§ What needs to be done
Leaving out the images, repeat all the lines below exactly.

*** Opening of Recorded data ***

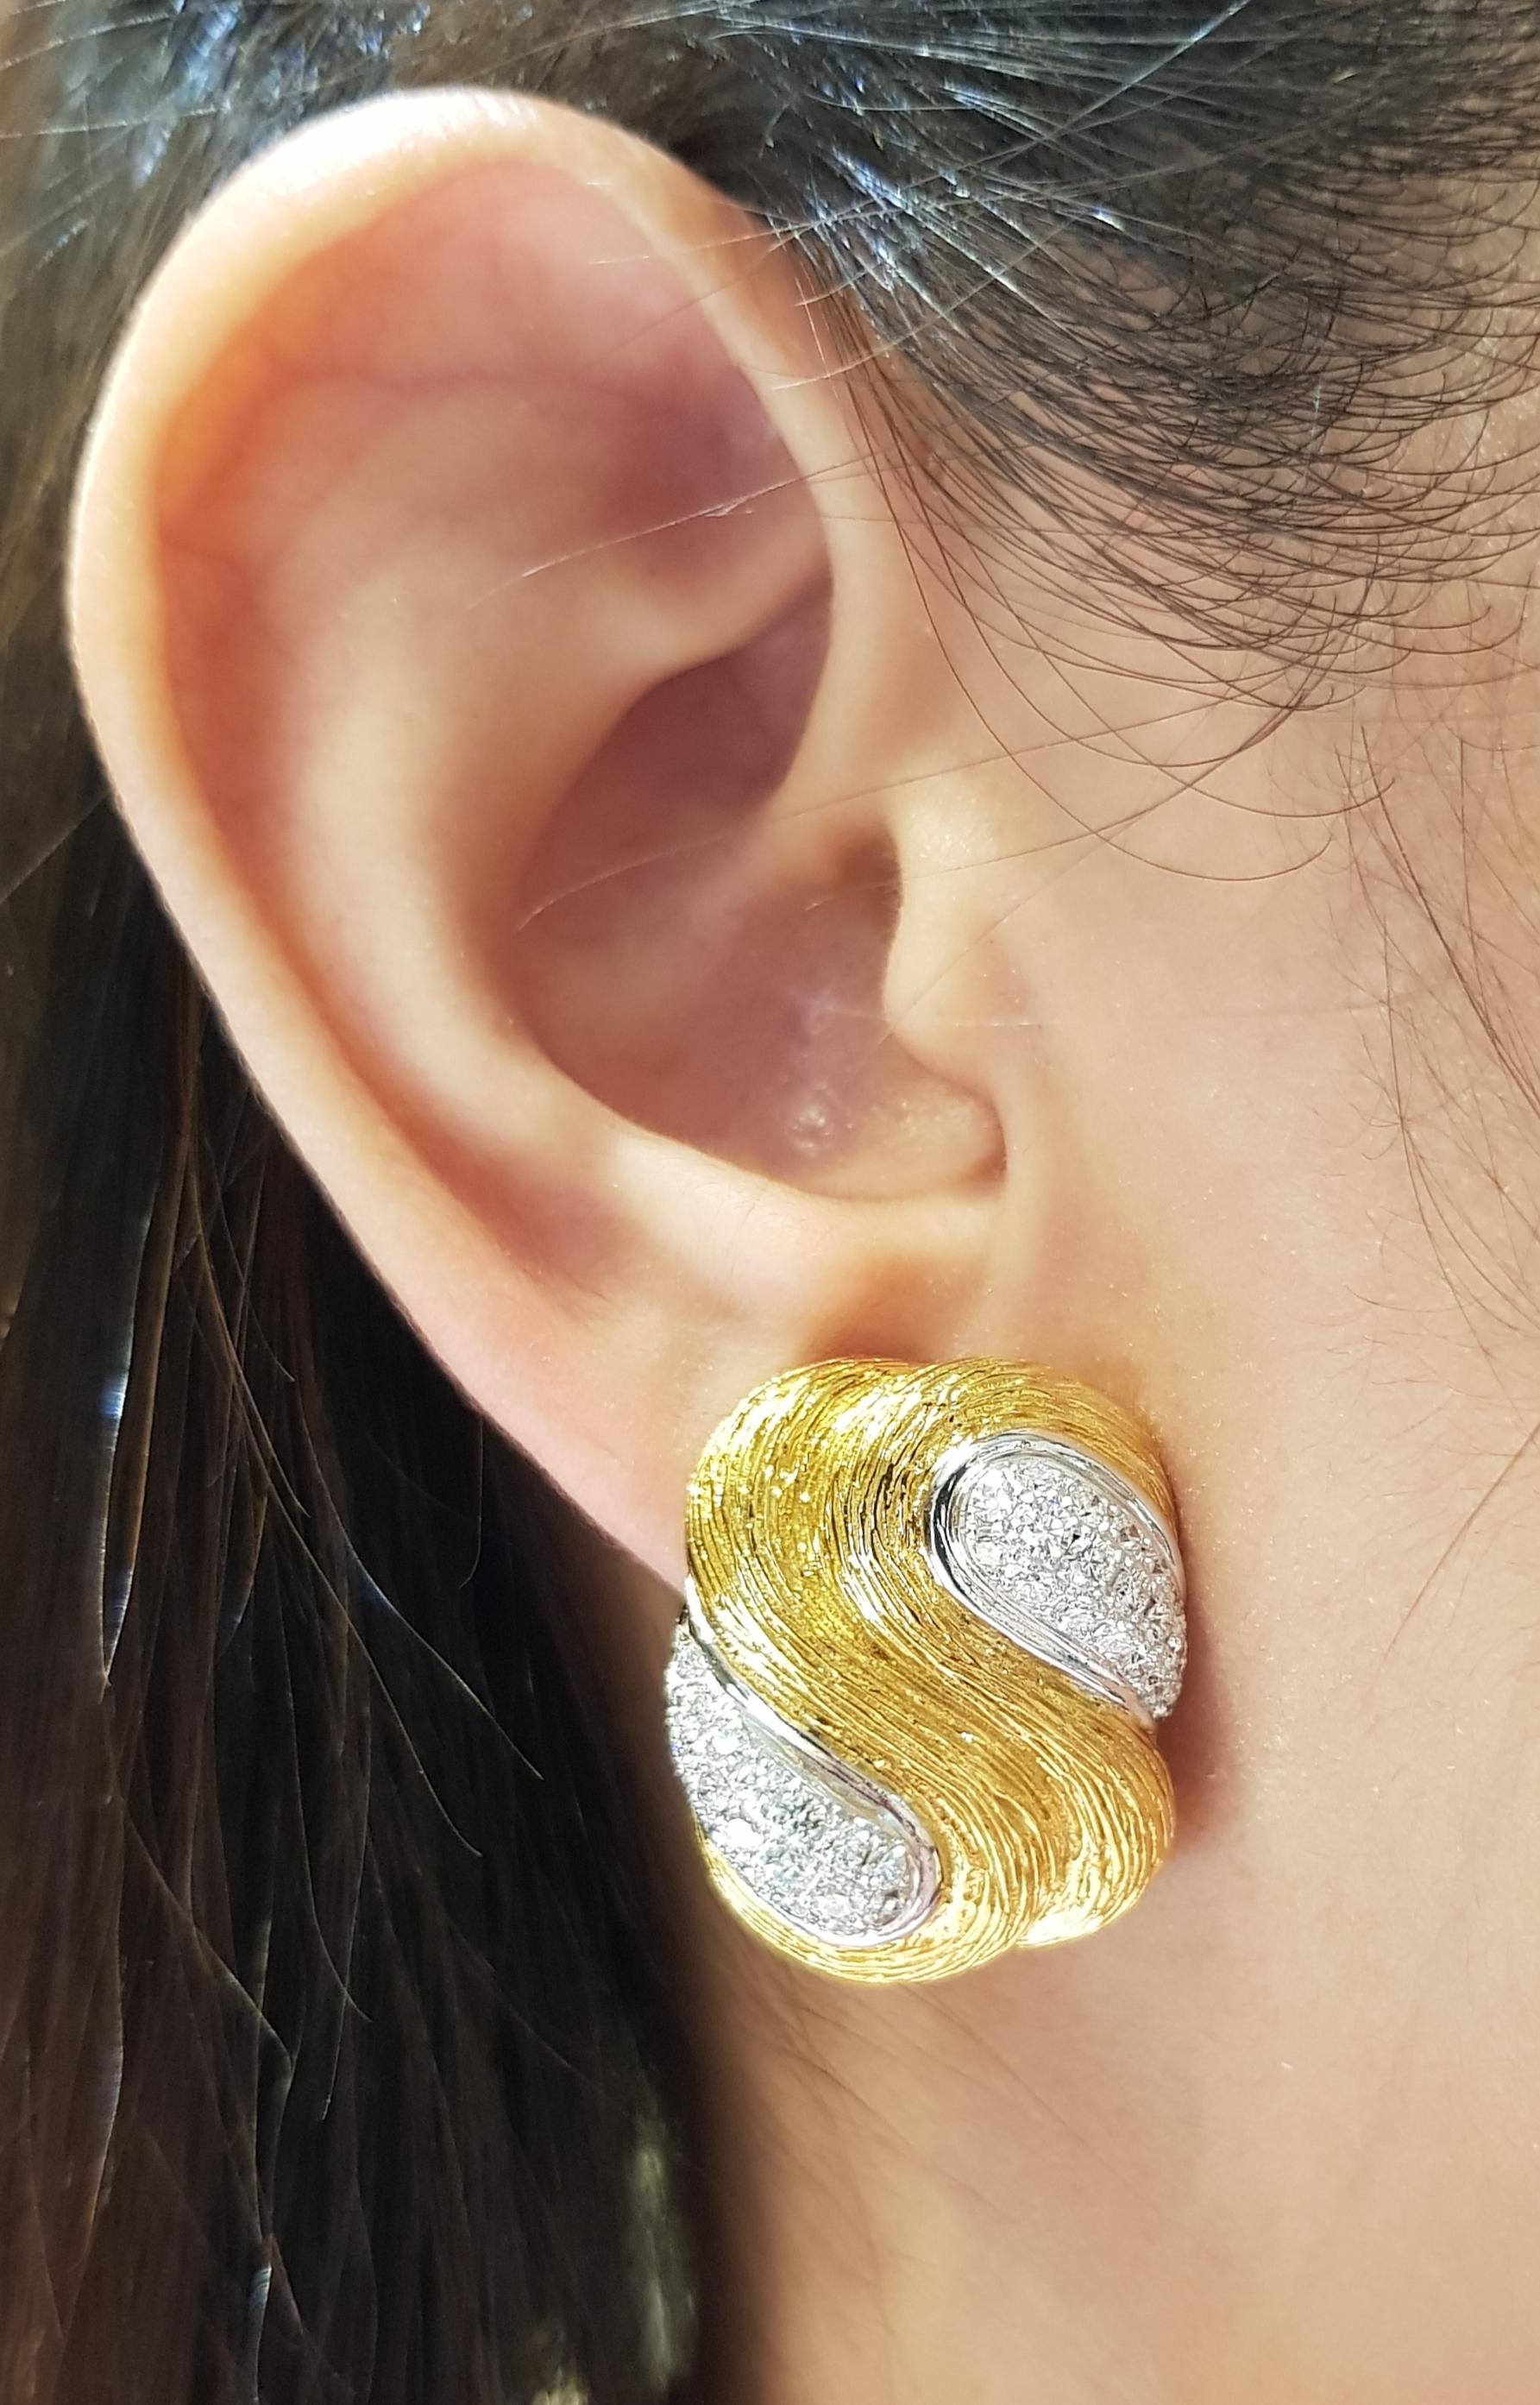 Diamond 1.74 carats Earrings set in 18 Karat Gold Settings

Width:  2.0 cm 
Length:  2.5 cm
Total Weight: 21.75 grams

*** Close of Recorded data ***

§ Solution to the problem
 Diamond 1.74 carats Earrings set in 18 Karat Gold Settings

Width:  2.0 cm 
Length:  2.5 cm
Total Weight: 21.75 grams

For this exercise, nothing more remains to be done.